Solved – Denoising Autoencoder not training properly

autoencodershyperparameterneural networkstensorflow

I've implemented a denoising autoencoder using TensorFlow. The code is here, there is also a command line script to launch it. The code seems to work, the cross-validation error is decreasing every iteration, but the autoencoder doesn't seem to be learning good features (I'm using MNIST).
This is an example of learned features:
enter image description here

The parameters I used are the following:

--n_components 1000 --batch_size 25 --n_iter 100 --verbose 1 --learning_rate 0.01 --weight_images 0 --corr_type masking --corr_frac 0.5 --encode_valid --enc_act_func sigmoid --dec_act_func sigmoid --loss_func cross_entropy --opt momentum --momentum 0.9 --dropout 0.5

number of hidden units: 1000

batch_size: 25

epochs: 100

learning rate: 0.01

input corruption type and frac: masking 0.5 (set 50% of the pixels to zero)

encoder activation function: sigmoid

decoder activation function: sigmoid

loss function: cross entropy

optimizer: momentum, 0.9

encoder layer dropout probability: 0.5

The question is: what is a good choice of the hyperparameters for the MNIST dataset?

Best Answer

Hyperparameter choice is something that can't really be answered: sure, there are some set of procedures that can be followed, but it's largely a case of hit and trial.

Single DA's can indeed extract meaningful features, however, most of the features in case of encoding dimensions 'L' (say) > input dimensions 'D' (i.e. Overcomplete learning) will end up being random noise.
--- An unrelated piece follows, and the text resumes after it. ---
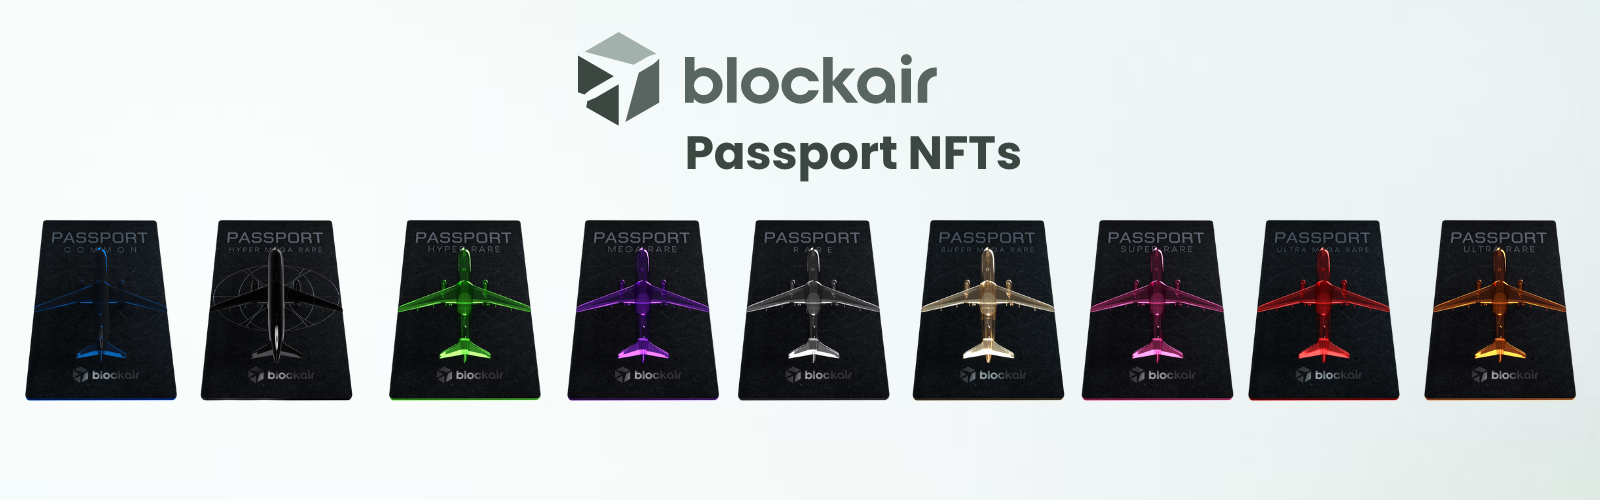 BlockAir Passport NFT

The reason for your autoencoder not learning meaningful features is because given the degree of freedom the autoencoder has in the encoding layer (i.e. L > D) it becomes quite easy for the autoencoder to learn an identity mapping of the input.

So to alleviate this problem, you have to put additional constraints in order to limit this degree of freedom. I believe you can try the following and see what the outcome is:

  1. The first and probably the easiest step would be to try and reduce the number of encoding layer nodes from 1000 to something little closer to the dimensions of the input, ie. 784. I would say 800 would be a good start. Visualize the features then and see if some features have improved.

  2. Apply additional regularization constraints, say l2 regularization on the weights (and if already doing that, increase the penalty term corresponding to l2) and other such penalization techniques.

  3. Tied weights. Use tied weights on the encoding layer and the decoding layer if not doing so already. ie. W_decoding = W_encoding.T. When not using tied weights, many times, either of the two layers learn larger, better weights (for the lack of words) and compensate for the poor weights learned by the other. By placing this constraint we force the autoencoder to learn a balanced set of weights. Also, it often results in improvement of training time as well as a pretty good limitation on the degree of freedom (the number of free, trainable parameters is halved!).

Give this a try. Might help.